I could not be more excited about our meeting with Dr. Dan George today. It is so nice to be in the presence of a super doc who doesn’t act like one. He is approachable, nice as hell and Jill says (and I have to admit) he’s a fine specimen of a man. We had the chance to meet a Duke Fellow, who is here from Singapore, who preceded and accompanied Dr. George during our 30-minute meeting.
Since I did an audio recording of the meeting on my iPad, I have some excerpted some quotes from Dr.
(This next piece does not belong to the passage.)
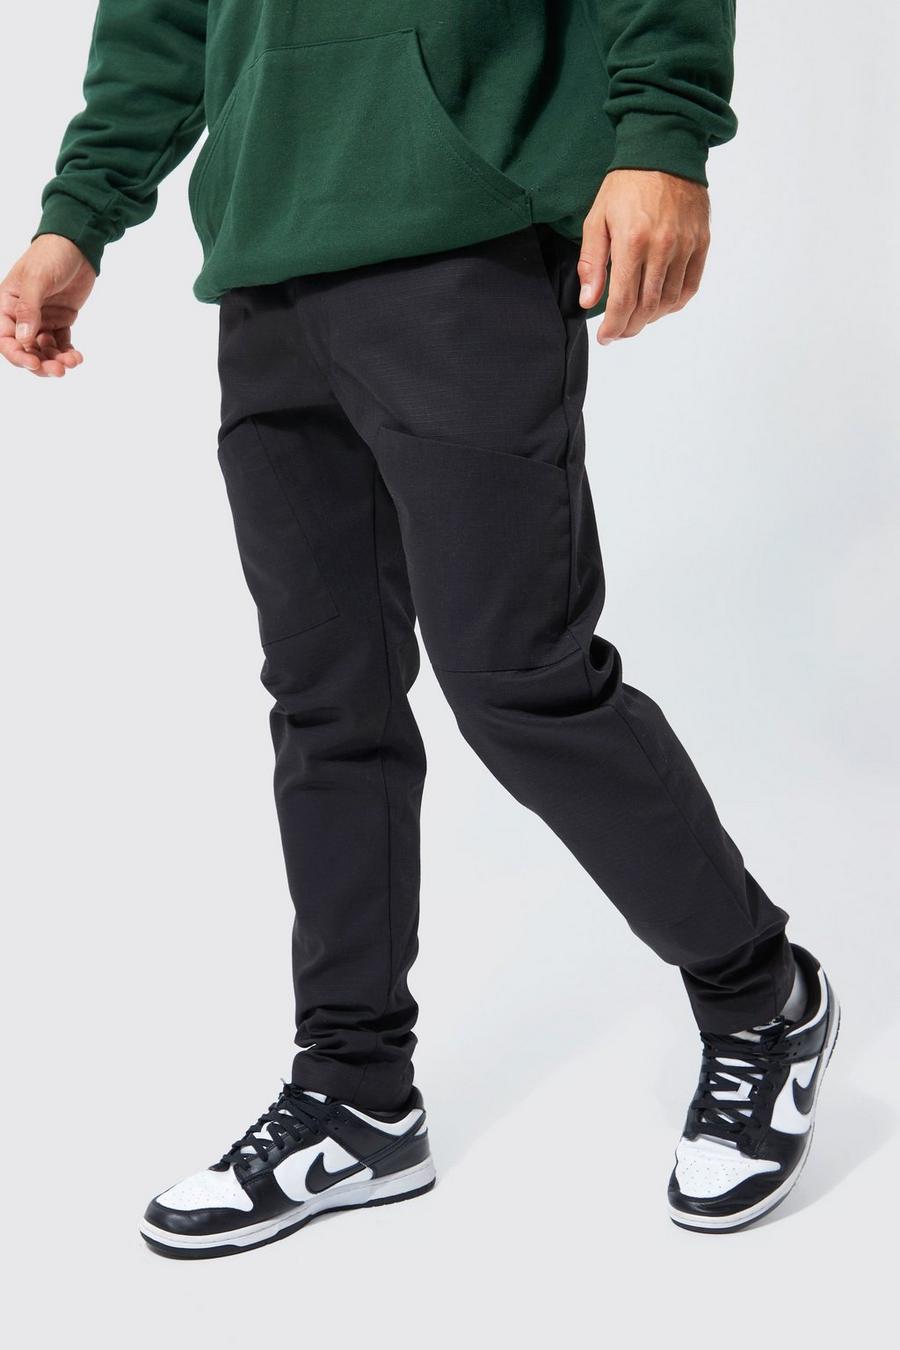 Pantaloni Cargo Slim Fit in twill e nylon ripstop, Black

George:
“You’re a lot earlier on than many of my patients, Mike. Although, HD-IL2 is a great therapy, it is still a crap shoot at the end of the day. HD-IL2 has a lot of collateral side effects. You’re going to be sicker than you have probably ever been in your life. There is a 30% chance at a partial response. The partial responses from this therapy last, on average, for about three years. Complete responses happen about 5% of the time.
“For this cancer to spread to the adrenal gland and to the other kidney, there is no direct line there. This cancer had to get into the bloodstream, go up into the heart, go around the heart and into the lungs, back out the lungs, back into the heart, down the aorta and into the adrenal glands and kidney. To take that route — and there is no shortcut in the body — these cancer cells must have dispersed to lots and lots of other areas. The fact that the only place we’ve seen it grow is in that one spot in the bone of your spine — that we took care of early on and we have not seen it come back — and now we’re seeing it in places that are not random spots. The adrenal glands and the kidney share something very much in common. They are endocrine glands. They secrete proteins that have effects on different parts of the body. Your fight or flight response, muscles, brain and heart. Your kidney secretes a hormone, erythropoietin (EPO) that goes into the bone marrow to make more red blood cells.
“To me it is not random that the three spots where we’ve seen this cancer are in endocrine organs. What that tells me is that this cancer is not totally self-sufficient. It can’t grow in a lot of areas in your body or it would have done so by now. It can only grow in these areas that have rich soil. The bone marrow is a rich source of nutrients and growth factors, because that is where we grow all our red blood cells. The endocrine glands are highly vascular. The fact that this grew in the other kidney and is only in these three spots tells me two things: 1) It is not fast growing and 2) These are not totally self-sufficient tumors. And, if we can stimulate your immune system enough for it to recognize that it is different than itself, I think we have a chance to kill this. The time to do this is now. We’ll know very quickly whether the hell we’re going to put your through is working. If this cancer doesn’t respond, it is not going to explode on us. It is telling me that it is not that kind of cancer.
“We’ll do what we have to do to give you a chance at a complete response.”
Then, he looked at me and paused……..and said…….”Can you do me a favor and take it a little easier on the staff?” “What staff,” I said. Then BAM, I got it. My very direct emails and the tone and tenor of my phone conversations have apparently ruffled some feathers up here at Duke. Particularly, the feathers of the person who fielded my phone calls and emails while Dr. George was on vacation. I found out, this very nice person is not a scheduler. She is, in fact, his nurse practitioner, a very skilled and competent right hand to Dr. George. She had the presence of mind to see my anxiety rising and took this on, and I appreciate that. I, in effect, tried to kill the messenger. I will find a way to let her know that I am not a lunatic, but a scared out of my mind cancer patient.
But I’ll have to admit, it thrilled me to be asked to back off. As we left there, I told Jill that I hadn’t even unleashed the full Mike on her. The power of the pen is a very real super power.
Tomorrow morning at 9:30 I have to do a stress echo test and then at 1:30 we meet with Dr. Michael Morse, who runs Duke’s HD-IL2 treatment program. Dr. George says he’s brilliant and will be able to answer any question I throw at him. I hope he’s ready. I’ll post again tomorrow afternoon or evening.